KUALA LUMPUR (Nov 30): Analysts lowered their target prices (TPs) for Axiata Group Bhd, after the telecommunications company’s net loss widened to RM797.41 million for the third quarter ended Sept 30, 2023 (3QFY2023), from RM52.4 million a year ago, mainly due to asset impairment and lower share of results from subsidiary CelcomDigi Bhd.

The impairment of RM1.01 billion during the quarter followed the reclassification of Axiata's Nepal unit Ncell as an asset held for sale, resulting in a widened discontinuing operations loss of RM824.5 million. Quarterly revenue improved to RM5.7 billion, from RM5.37 billion previously.

In separate notes on Thursday, TA Securities lowered its TP to RM2.35 (from RM2.80), while Apex Research lowered its TP to RM3.06 (from RM3.27).
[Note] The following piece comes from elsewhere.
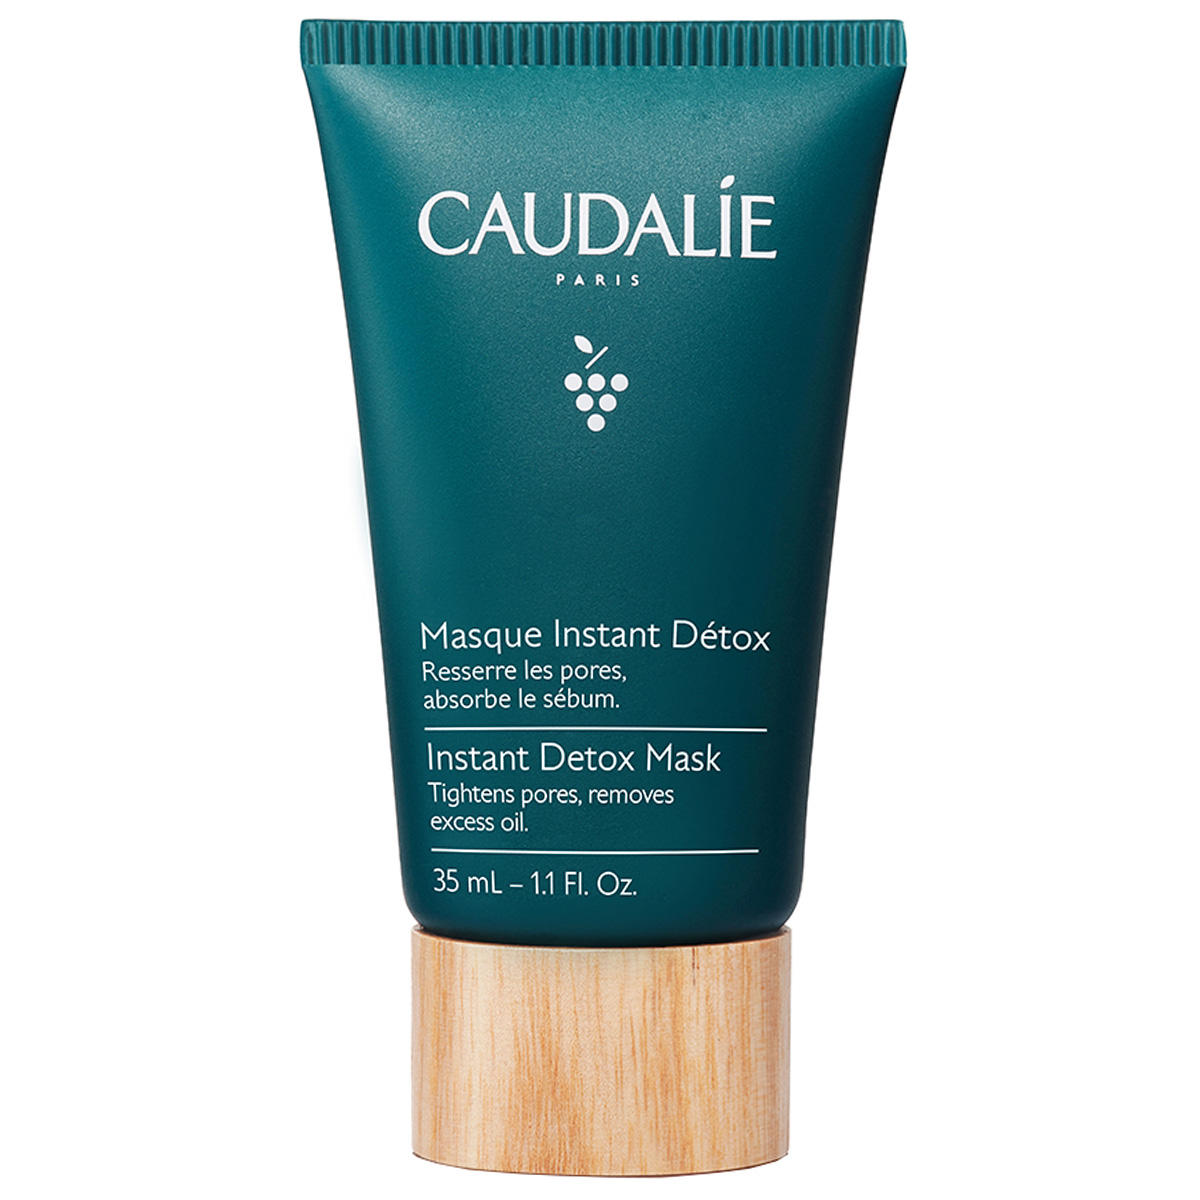 CAUDALIE Masque Instant Détox 35 ml - 1
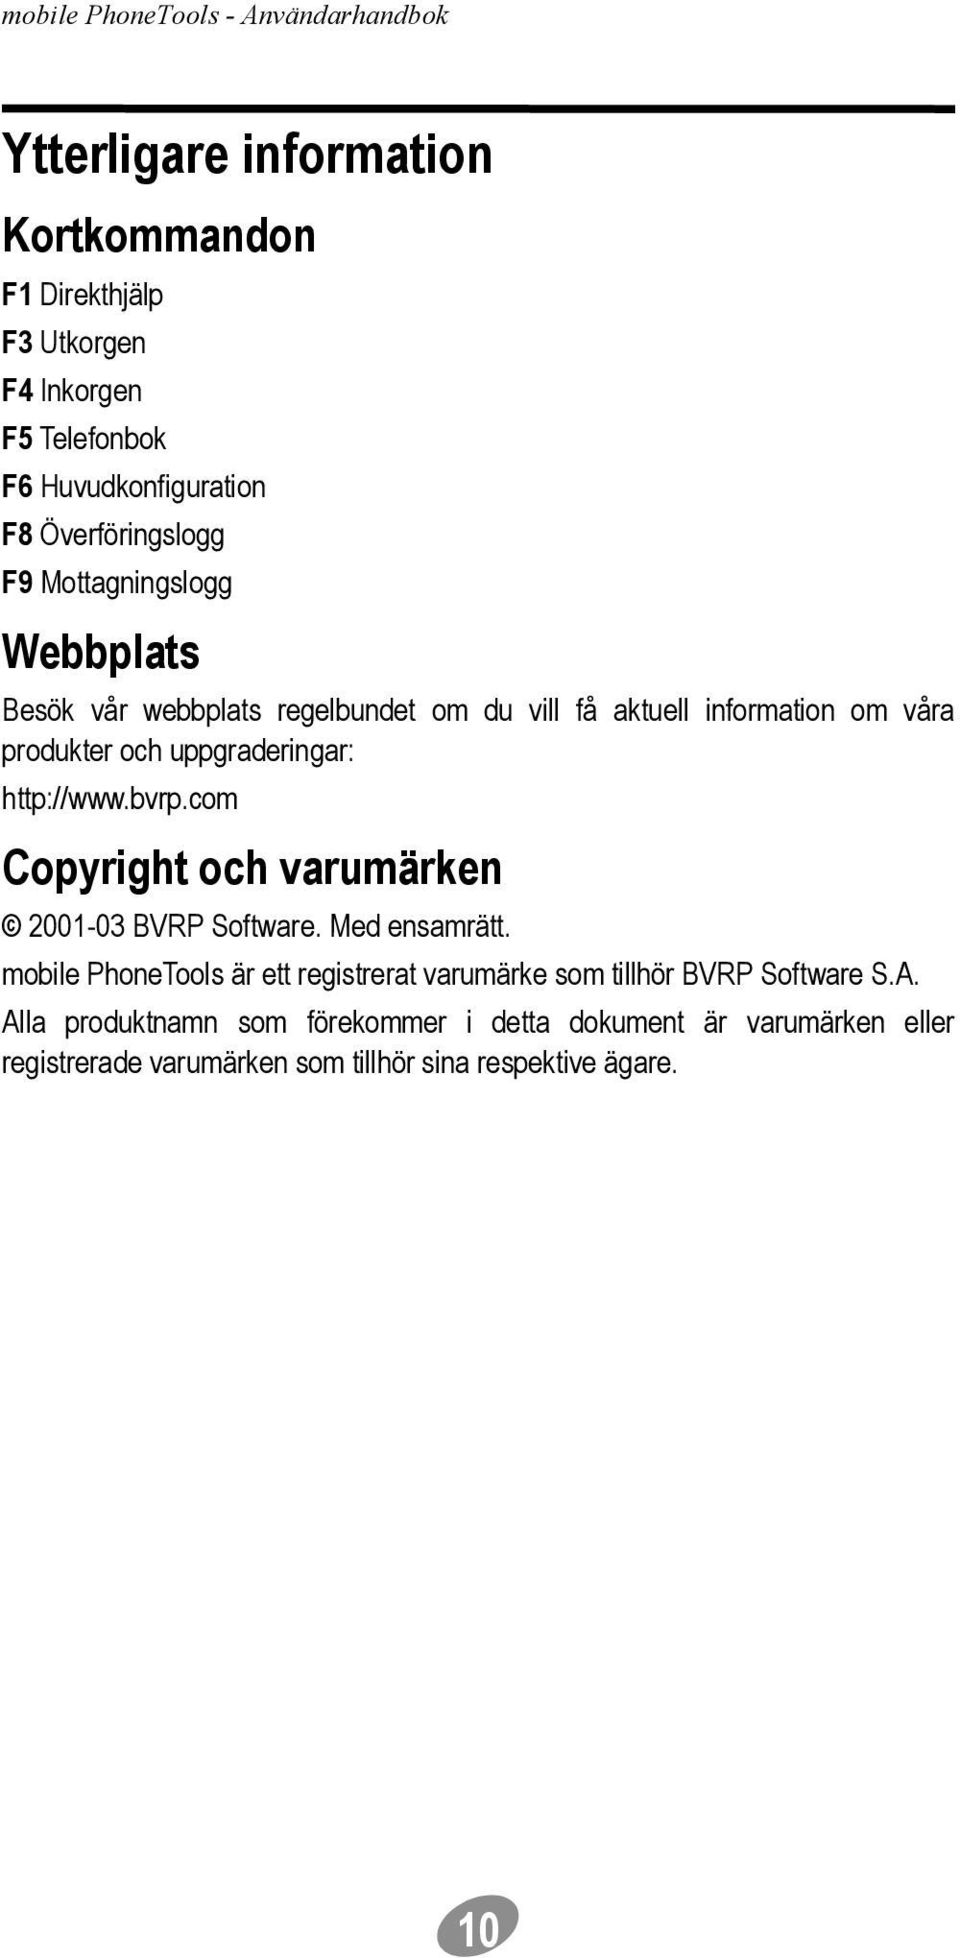 http://www.bvrp.com Copyright och varumärken 2001-03 BVRP Software. Med ensamrätt.

TA Securities also downgraded Axiata to “sell” after: i) revising the valuation methodology for Ncell based on its book value; and ii) attaching a higher conglomerate discount of 30% (previously 20%) to reflect the persistent risks associated with Axiata’s investments in its frontier markets.

“Our TP implies an enterprise value/earnings before interest, taxes, depreciation and amortisation (Ebitda) of 6.3 times against forecast calendar year 2024 Ebitda.

“Given the stock’s unfavourable risk-reward potential, we downgrade our recommendation on Axiata to 'sell',” it added.

Meanwhile, Apex Research, which still has a "buy" call on the stock, said Axiata’s core net profit of RM255.2 million for the cumulative nine months ended Sept 30, 2023 was below house expectations, due to higher depreciation, interest cost and lower contributions from CelcomDigi.

The research house said that in view of the challenging outlook, Axiata has decided to exit Nepal, and reclassified Ncell as an asset held for sale.

To recap, Axiata bought a 80% stake in Ncell for RM5.9 billion in 2016, and was slapped with a capital gains tax of RM785 million in 2019.

The research house reduced its FY2023 earnings forecast for Axiata by 33% to adjust for the reclassification of Ncell as an asset for sale.

“We maintain our 'buy' recommendation, with a lower TP of RM3.06 (previously RM3.27), after reducing our sum-of-parts valuation of Ncell.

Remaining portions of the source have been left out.